# Petty Cab E-Bike



## ken will (Dec 19, 2009)

You don't need to drive both rear wheels the same.
The Delta trike I like the best, I ran the pedals to the left rear wheel and had an electric hub motor on the right rear wheel. It tracked straight if I was just pedaling or just using the motor or both.
When turning to the right I put more power on the pedals, and when turning left I gave the motor a little more power.
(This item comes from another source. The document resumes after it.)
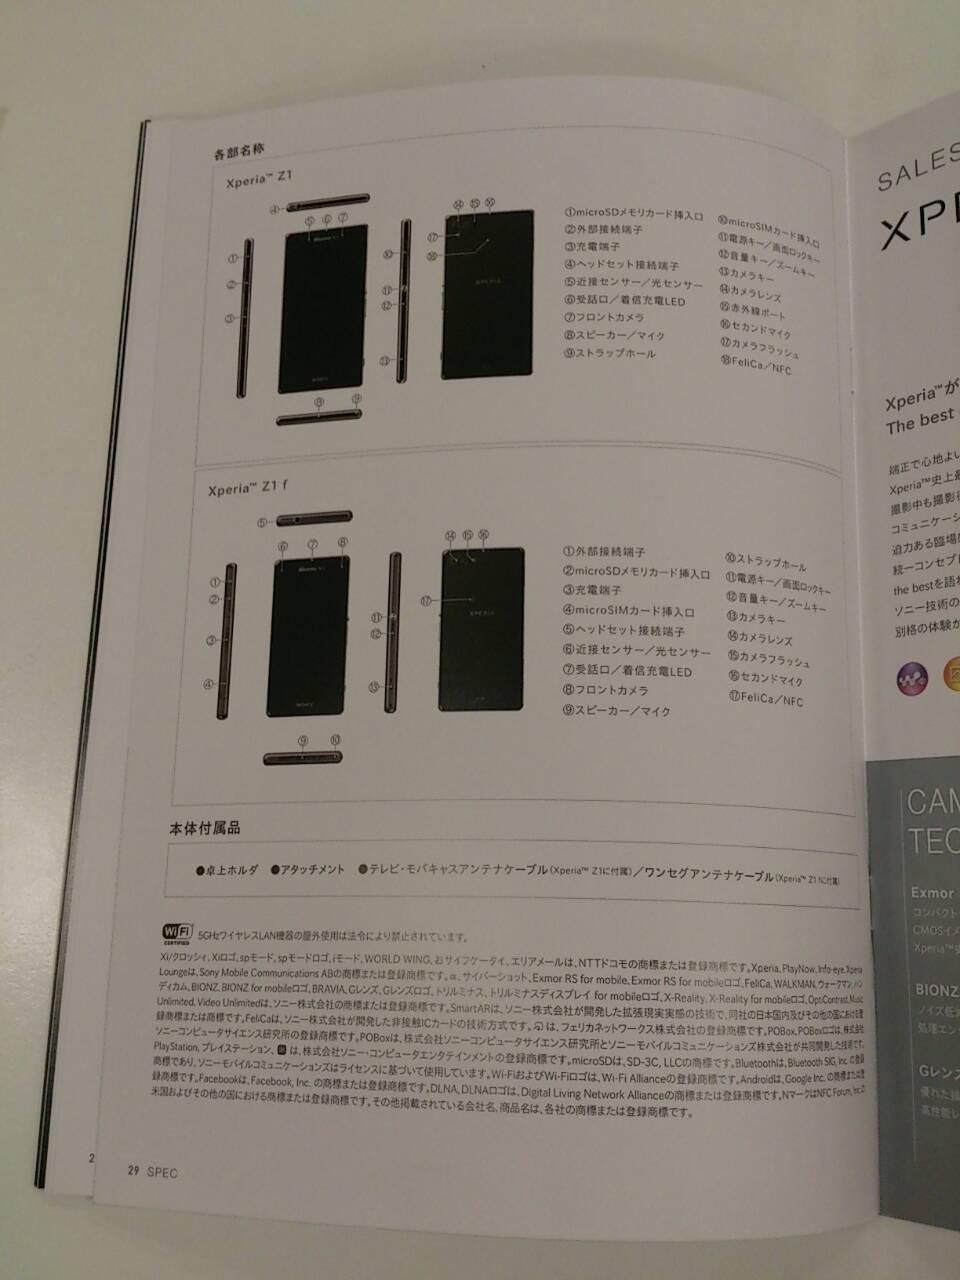 El Sony Xperia Z1 f (Xperia Z1 mini) brochure filtración especificaciones

If you do want to use two hub motors; a single battery and dual controllers is the way to go.


----------



## RIPPERTON (Jan 26, 2010)

Hi Will
Im right in the middle of twin controller experimentation.
Ive got 1 pack, 1 throttle, 2 controllers 2 motors, one wheel sorted. (race bike).
We did a Quad with 1 pack, 1 throttle, 2 controllers, 2 motors front and rear wheel drive.
Im just finishing a car with 1 pack, 1 throttle, 2 controllers 2 motors 2 wheels differentiated side by side.
Your trike will be the same as my car where you use 1 stand alone drive for each wheel on the same axle.
So you can have 1 single battery pack feeding 2 controllers in parallel, driving 1 hub motor each.
The throttle will be powered by only one of the controllers (5v positive, negative and variable) but the second controller will only have its variable wire connected, spliced into the variable of the first controller.
The second controller doesnt need to have its 5v positive or negative connected to the throttle to work.
As with my car there is no mechanical connection between the 2 driving wheels so you will get differentiation for going around corners.
Now because both controllers are being controlled by a single throttle they will want to turn at the same rpm while going around a turn but the ground wont let them and there will be a certain amount of self centering force noticeable only while under power. This "amount" of self centering force is as yet unknown to me but will be more noticeable in a front wheel drive so you rear wheel drive should be ok.


----------